Background and aims: Patients with homozygous familial hypercholesterolemia (HoFH) respond to standard lipid lowering therapy (LLT) poorly due to biallelic abnormalities affecting low-density lipoprotein receptor (LDLR) function. Relatively little information stratified by functional genotyping is available.
Methods: We evaluated lowering of low-density lipoprotein cholesterol (LDL-C) with statins, statins plus ezetimibe or add-on proprotein convertase subtilisin-kexin type 9 (PCSK9) inhibitors in 175 patients with HoFH according to LDLR functional genotyping (defective/defective = 119, defective/null = 38, null/null = 18).
Results: LLT resulted in significant LDL-C percent reductions in all 3 subgroups ranging from 17 ± 19 % (mean ± SD) in the null/null subgroup to 29 ± 21 % in the defective/defective subgroup. Achievement of ≥50 % LDL-C reduction was not seen in the null/null subgroup. Achievement of this plus LDL-C < 2.6 mmol/L was seen only in the defective/defective subgroup but rarely (2.5 %, 3/119 patients).
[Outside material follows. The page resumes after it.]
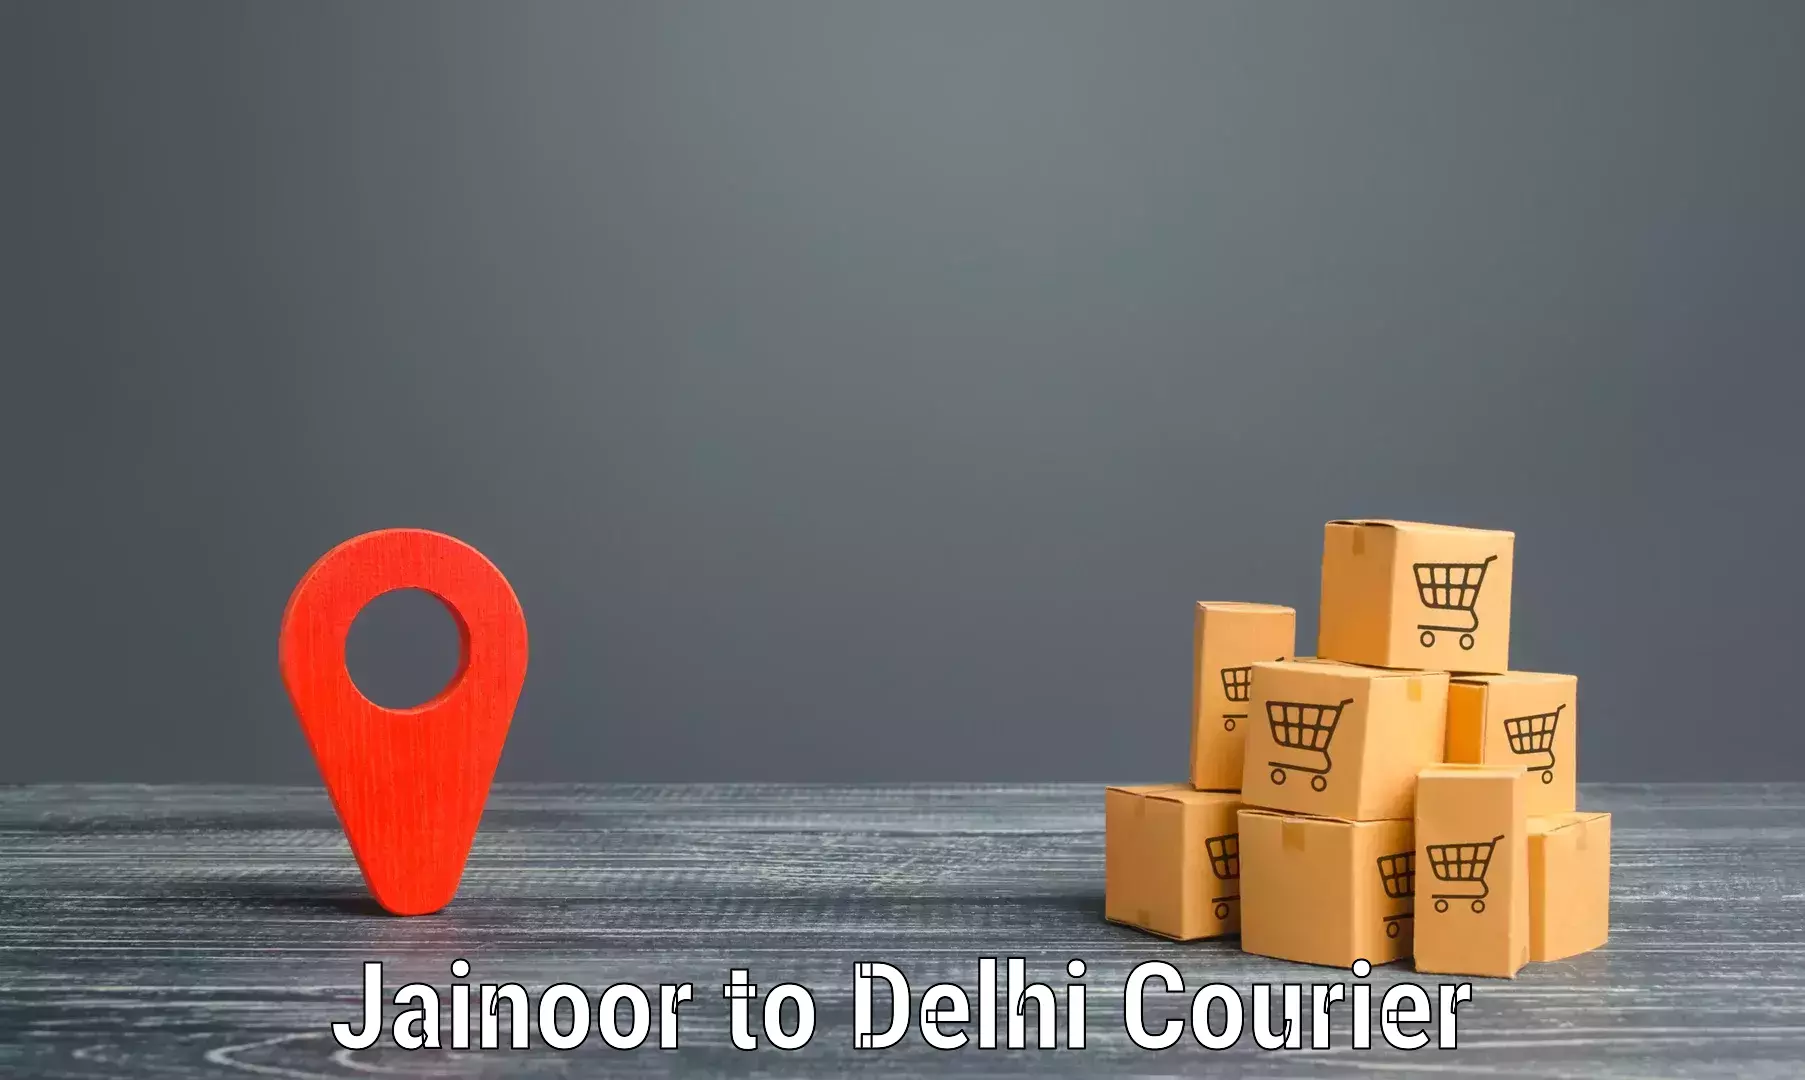 High-performance logistics Jainoor to Jawaharlal Nehru University New Delhi

While responses to statin plus ezetimibe and add-on PCSK9 inhibitors were progressively and significantly attenuated in the defective/null and null/null subgroups, there was no difference according to functional genotyping in the response to statins. All 3 subgroups showed mean LDL-C lowering in the range of 25-29 % in response to statins.
Conclusions: LDLR-dependent LLT achieves significant LDL-C lowering in patients with HoFH which is modulated by functional genotyping except in the case of statins, possibly because of potential non-LDLR-dependent mechanisms of action. However, optimization of LDL-C remains rare and underscores the need for accessible and non-LDLR-dependent LDL-C lowering therapies.